The combination of large datasets from several sources requires careful harmonization of taxon names. Non-standardized, incorrect, ambiguous, or synonymous taxonomic names can lead to **unreliable results and conclusions**. The *bdc* package includes tools to help standardize **major taxonomic groups' names** (e.g., animals and plants) by comparing scientific names against **one out of 10 taxonomic databases**. The taxonomic harmonization process borrows heavily from [Norman et al. (2020); taxadb package)](https://besjournals.onlinelibrary.wiley.com/doi/full/10.1111/2041-210X.13440), which contains functions that allow **querying millions of taxonomic names** in a fast, automated, and consistent way using high-quality locally stored taxonomic databases.

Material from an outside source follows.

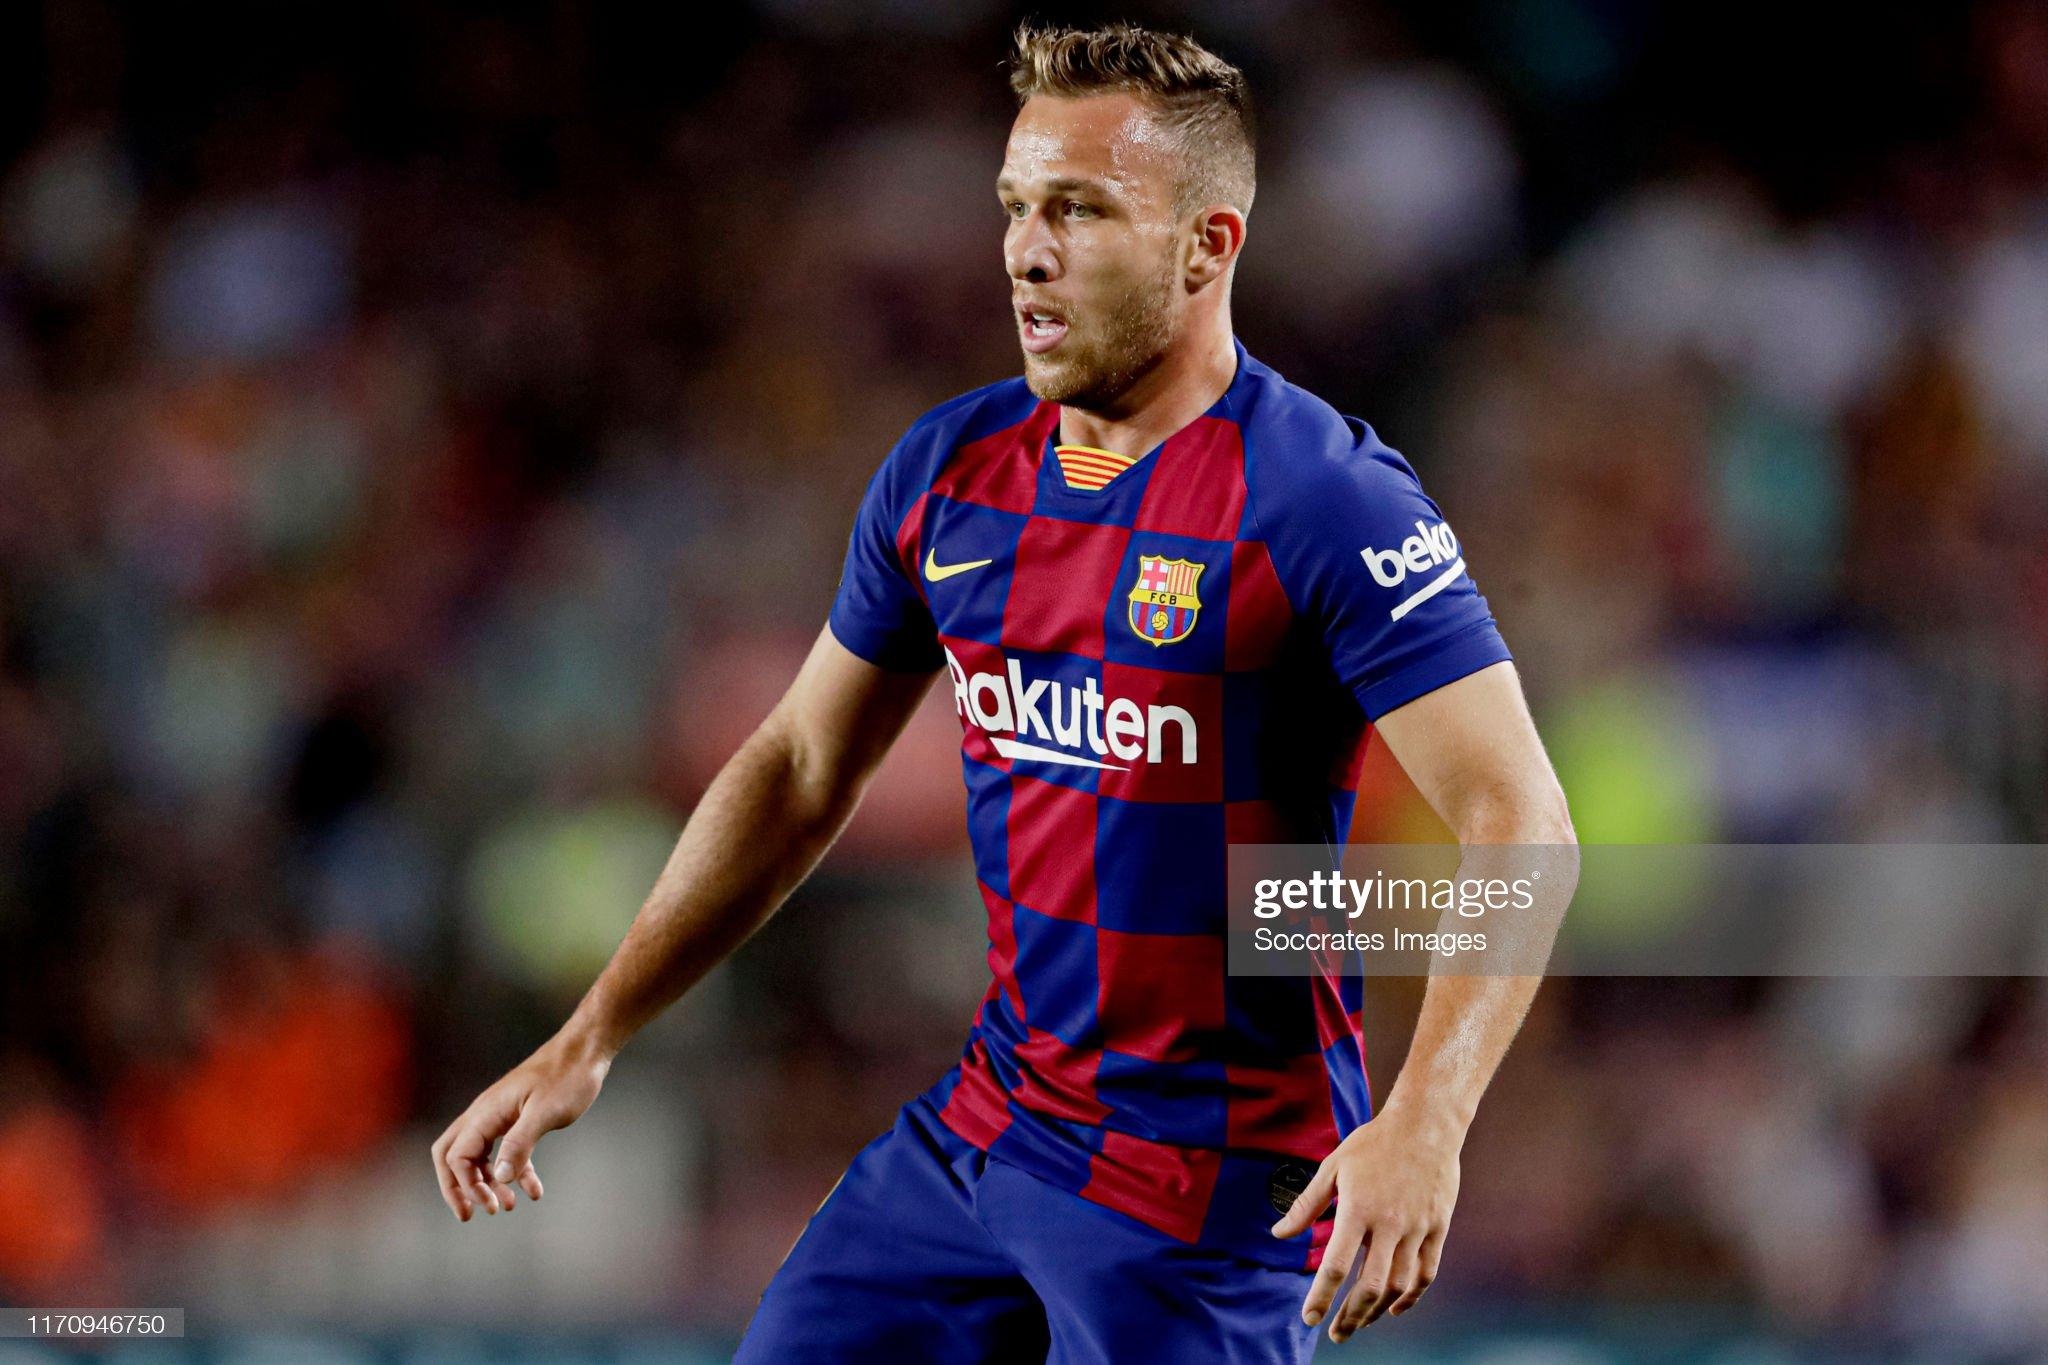 صور مباراة : برشلونة - فياريال 2-1 ( 24-09-2019 )  Arthur-of-fc-barcelona-during-the-la-liga-santander-match-between-fc-picture-id1170946750?s=2048x2048

The functions used to harmonize names (*bdc_clean_name* and *bdc_query_names_taxadb*) **contain several additions to the *taxadb* package**, including tools for:

1.  Cleaning and parsing scientific names;
2.  Resolving misspelled names or variant spellings using a fuzzy matching application;
3.  Converting nomenclatural synonyms to current accepted name;
4.  Flagging ambiguous results;
5.  Reporting the results.

The taxonomic harmonization is based on one taxonomic database chosen by the user. *taxadb* makes available the following taxonomic sources:

| Abbreviation | Taxonomic database                                        |
|--------------|-----------------------------------------------------------|
| col          | Catalogue of Life                                         |
| fb           | FishBase                                                  |
| itis         | Integrated Taxonomic Information System                   |
| iucn         | International Union for Conservation of Nature's Red List |
| gbif         | Global Biodiversity Information Facility                  |
| ncbi         | National Center for Biotechnology Information             |
| ott          | OpenTree Taxonomy                                         |
| tpl          | The Plant List                                            |
| slb          | SeaLifeBase                                               |
| wd           | Wikidata                                                  |

⚠️**IMPORTANT:**

Note that some taxonomic databases may be *momentarily unavailable* in taxadb. Check ?bdc_query_names_taxadb for a list of available taxonomic databases.

#### **Installation**

Check [**here**](https://brunobrr.github.io/bdc/#installation) how to install the bdc package.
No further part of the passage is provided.